Bug 1396672

Summary:	modify output of the hosted engine CLI to show info on auto import process
Product:	Red Hat Enterprise Virtualization Manager	Reporter:	Marina Kalinin <mkalinin>
Component:	ovirt-hosted-engine-ha	Assignee:	Simone Tiraboschi <stirabos>
Status:	CLOSED ERRATA	QA Contact:	Nikolai Sednev <nsednev>
Severity:	urgent	Docs Contact:
Priority:	high
Version:	3.6.9	CC:	alan.cowles, didi, gklein, gveitmic, lsurette, mkalinin, molasaga, rbalakri, srevivo, stirabos, trichard, ykaul, ylavi
Target Milestone:	ovirt-4.1.0-beta	Keywords:	Triaged
Target Release:	---
Hardware:	Unspecified
OS:	Unspecified
URL:	https://www.ovirt.org/documentation/how-to/hosted-engine-host-OS-upgrade/
Whiteboard:	integration
Fixed In Version:		Doc Type:	Enhancement
Doc Text:	Since Red Hat Enterprise Virtualization 3.6, ovirt-ha-agent has read its configuration, and the Manager virtual machine specification, from shared storage. Previously, they were just local files replicated on each involved host. This enhancement modifies the output of hosted-engine --vm-status to show if the configuration and the Manager virtual machine specification has been, on each reported host, correctly read from the shared storage.	Story Points:	---
Clone Of:
Clones:	1403735 (view as bug list)		Environment:
Last Closed:	2017-04-25 00:53:59 UTC	Type:	Bug
Regression:	---	Mount Type:	---
Documentation:	---	CRM:
Verified Versions:		Category:	---
oVirt Team:	Integration	RHEL 7.3 requirements from Atomic Host:
Cloudforms Team:	---	Target Upstream Version:
Embargoed:
Bug Depends On:
Bug Blocks:	1403735

Description Marina Kalinin 2016-11-18 22:51:15 UTC

Together with bz#1394448, we need to fix our documentation asap on how we recommended the HE upgrade process from 3.5 to 3.6.
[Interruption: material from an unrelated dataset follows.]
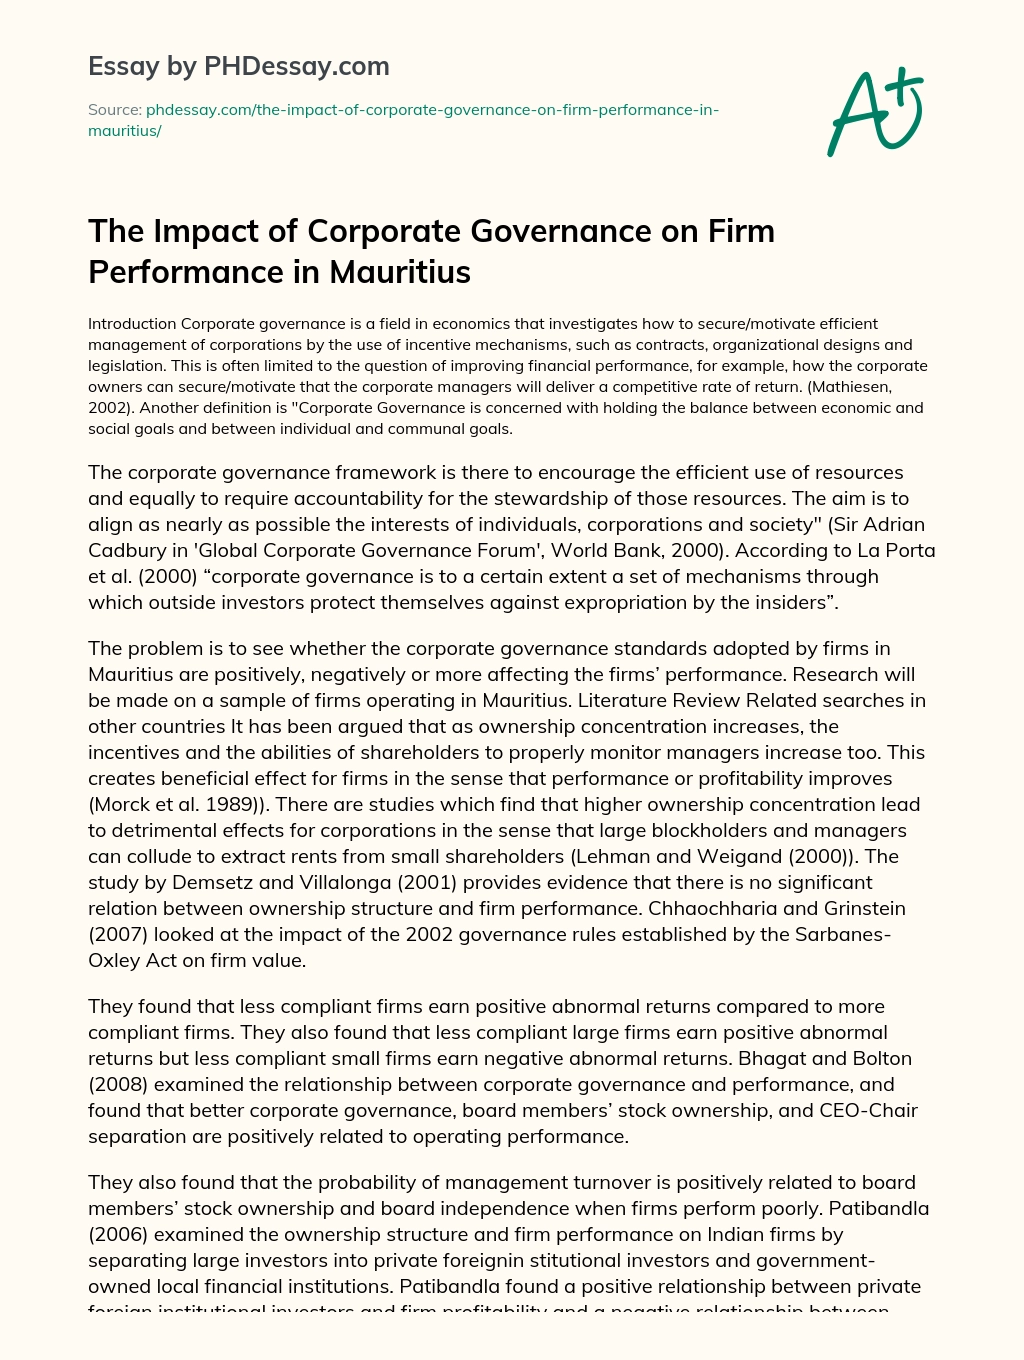 The Impact of Corporate Governance on Firm Performance in Mauritius essay

In this bug we need to fix 3.5 to 3.6 with RHEL7 hosts section[1].

Procedure 6.5. Updating the RHEV-H Self-Hosted Engine Host
Step 3:
Need to explicitly explain why this step is there and what its importance is.
This step is required to trigger the upgrade of HE SD from 3.5 to 3.6.
It is an essential part of the upgrade process and if it fails, the user should not proceed.
How to verify the upgrade succeeded? Hosted Engine Storage Domain (HE SD) should appear in the UI under Storage Tab. Until this happened, the upgrade is not complete or failed.

[1]
https://access.redhat.com/documentation/en-US/Red_Hat_Enterprise_Virtualization/3.6/html/Self-Hosted_Engine_Guide/Upgrading_the_Self-Hosted_Engine.html

Comment 1 Marina Kalinin 2016-11-19 03:15:30 UTC

Simone, can you please review?

Comment 2 Simone Tiraboschi 2016-11-22 14:41:01 UTC

I'm re-checking https://access.redhat.com/solutions/2351141

The central point is how, for the user, to be sure that the upgrade procedure really upgraded since it's not interactive but just triggered by the upgrade of the RHEV-H 3.5/el7 host to RHEV-H 3.6/el7.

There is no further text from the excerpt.